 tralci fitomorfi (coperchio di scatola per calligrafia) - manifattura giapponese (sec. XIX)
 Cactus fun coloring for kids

____________________

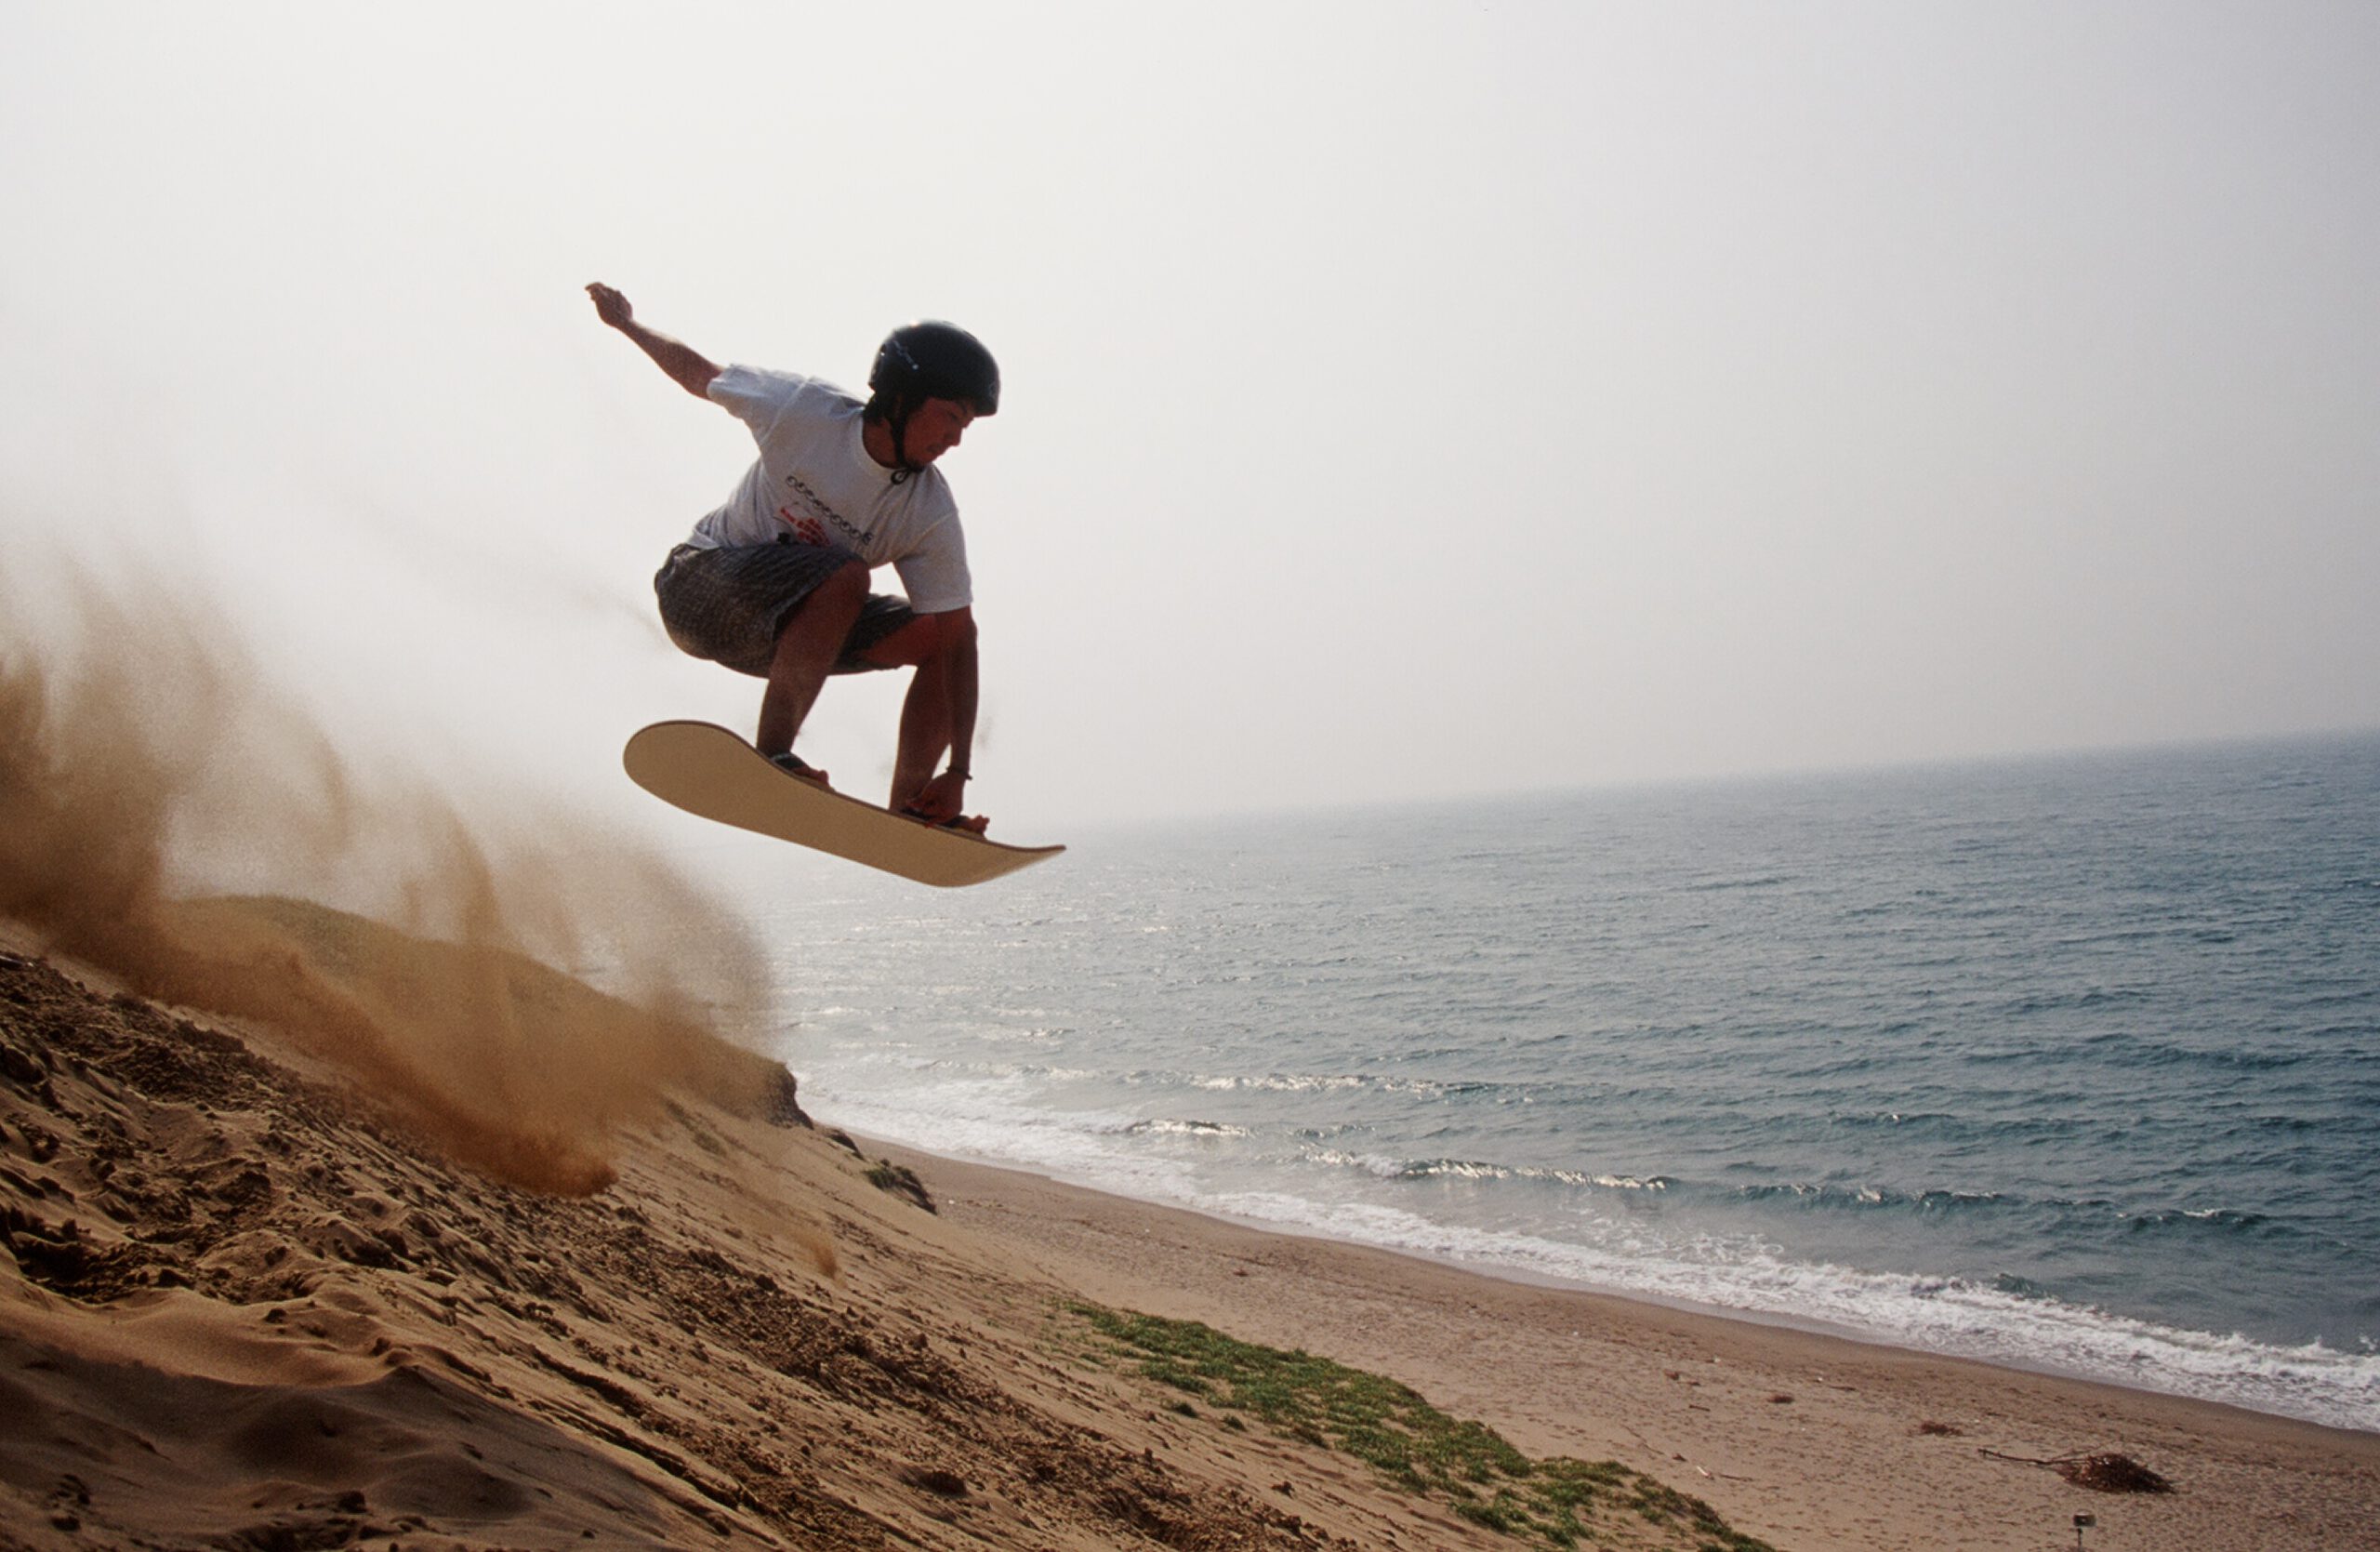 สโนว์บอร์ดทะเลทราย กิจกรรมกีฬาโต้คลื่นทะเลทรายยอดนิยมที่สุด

____________________

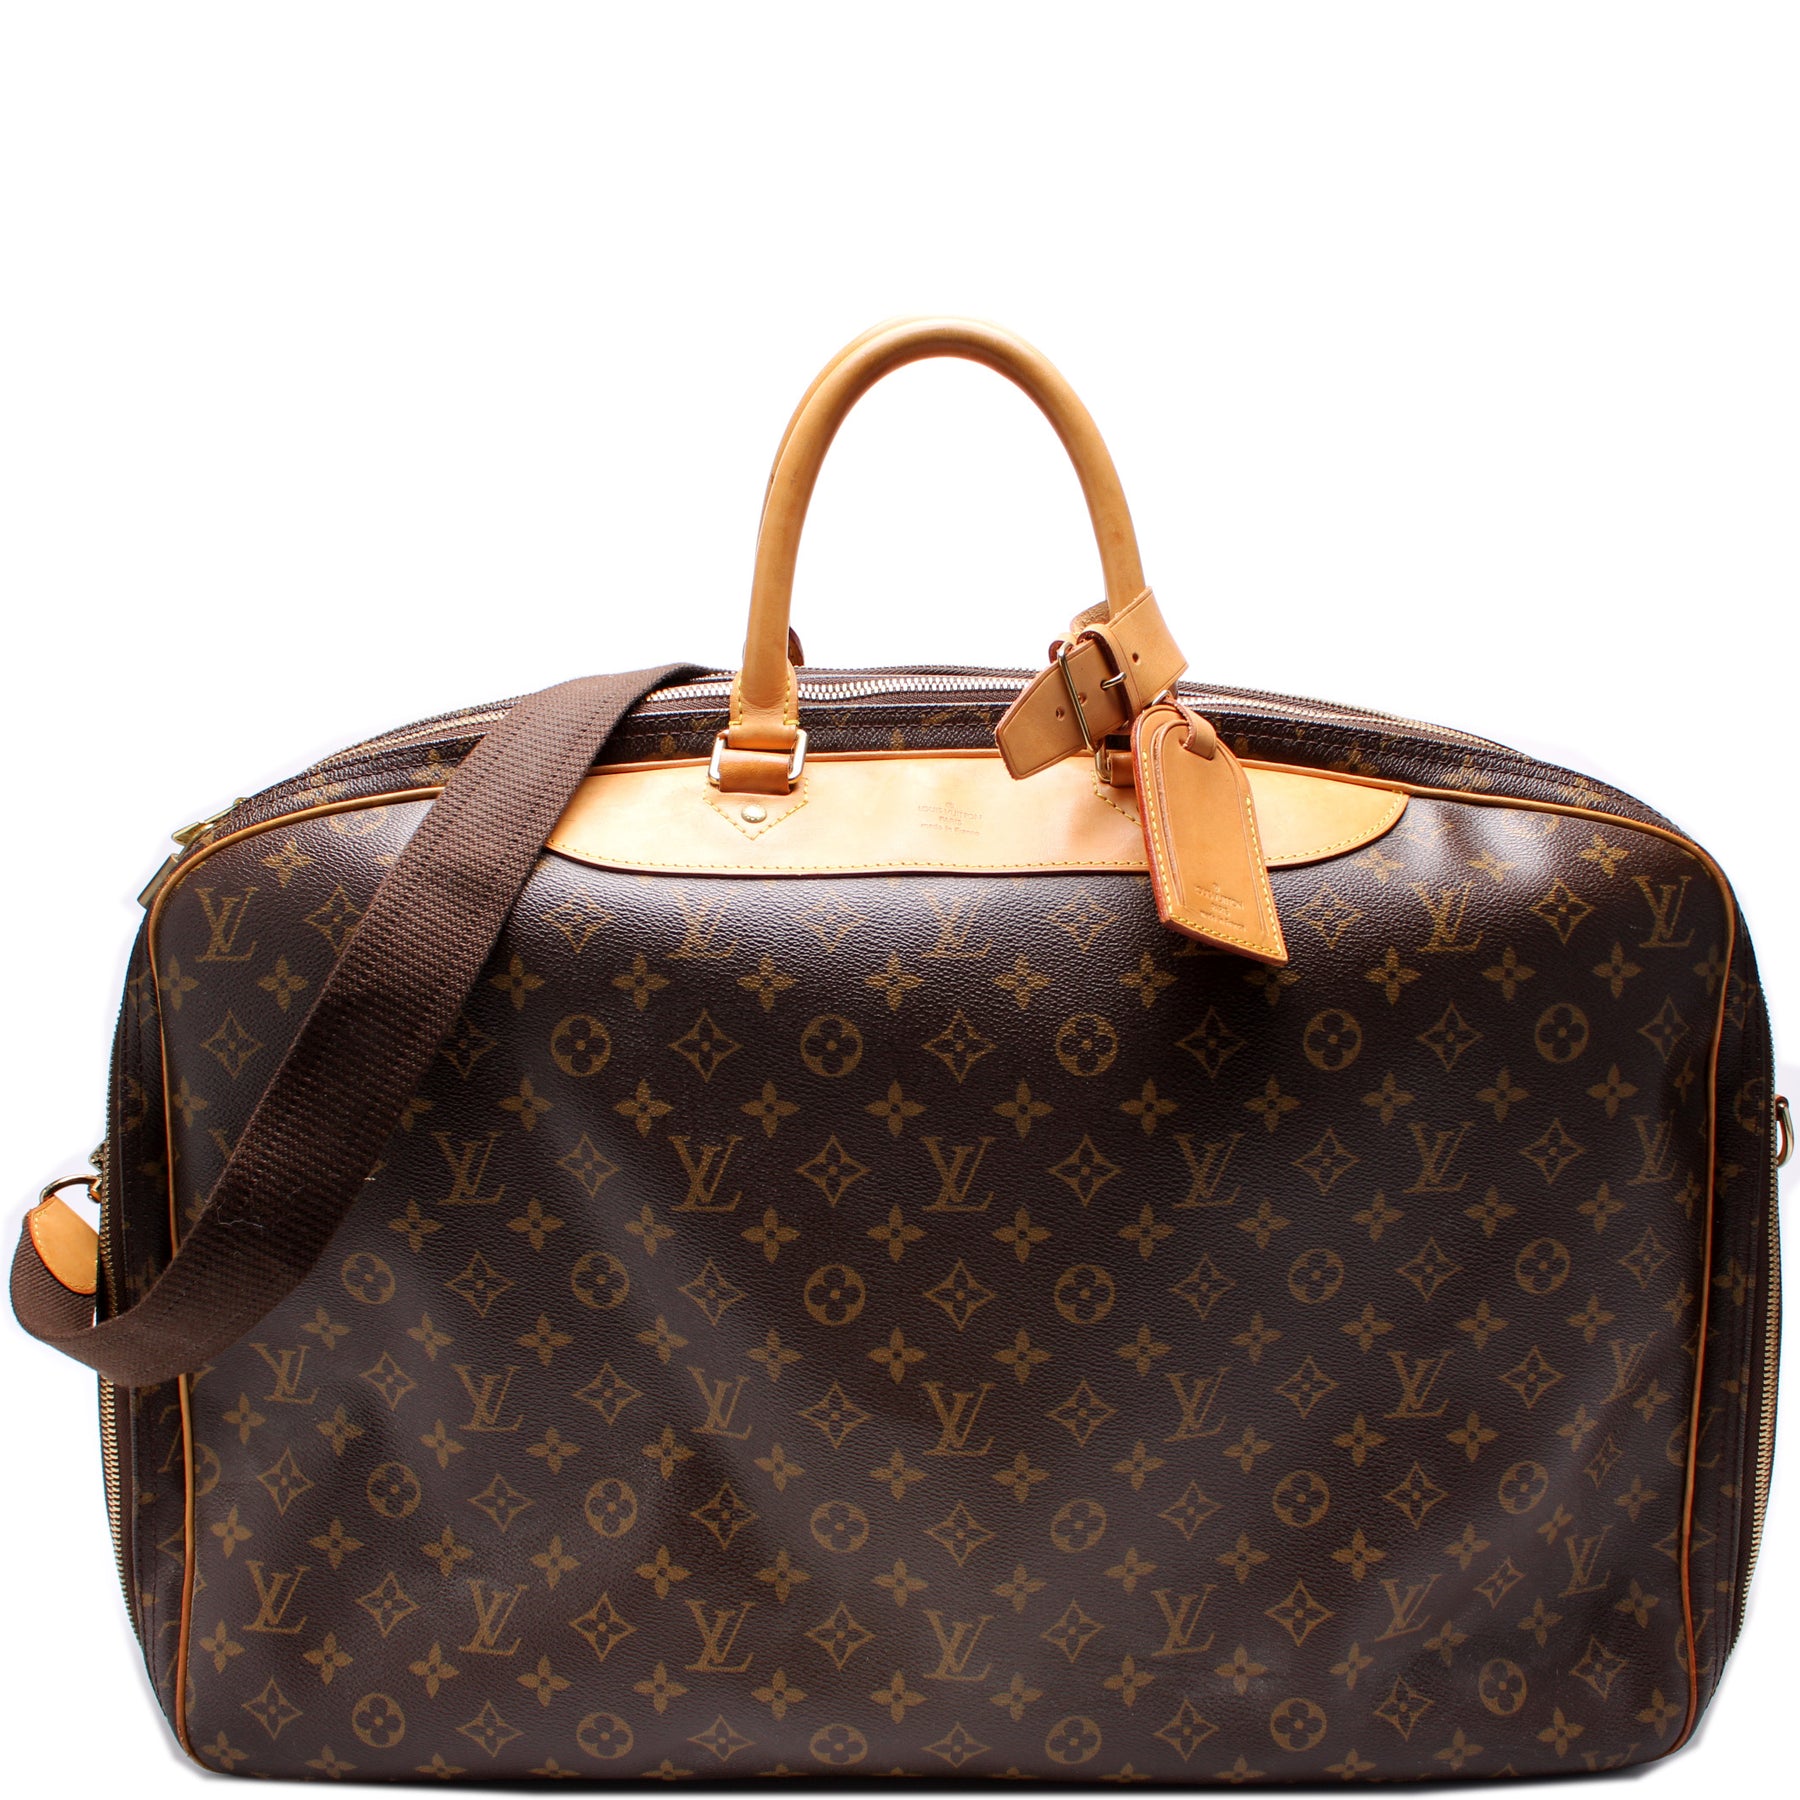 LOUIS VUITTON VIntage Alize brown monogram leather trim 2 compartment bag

____________________

◆ **THE PROBLEM**: Of all the entries above, output exactly the lines between the one holding "tralci fitomorfi (coperchio" and the one holding "Cactus fun coloring for kids", inclusive.

◆ **EXERCISE RESPONSE**:
 tralci fitomorfi (coperchio di scatola per calligrafia) - manifattura giapponese (sec. XIX)
 Cactus fun coloring for kids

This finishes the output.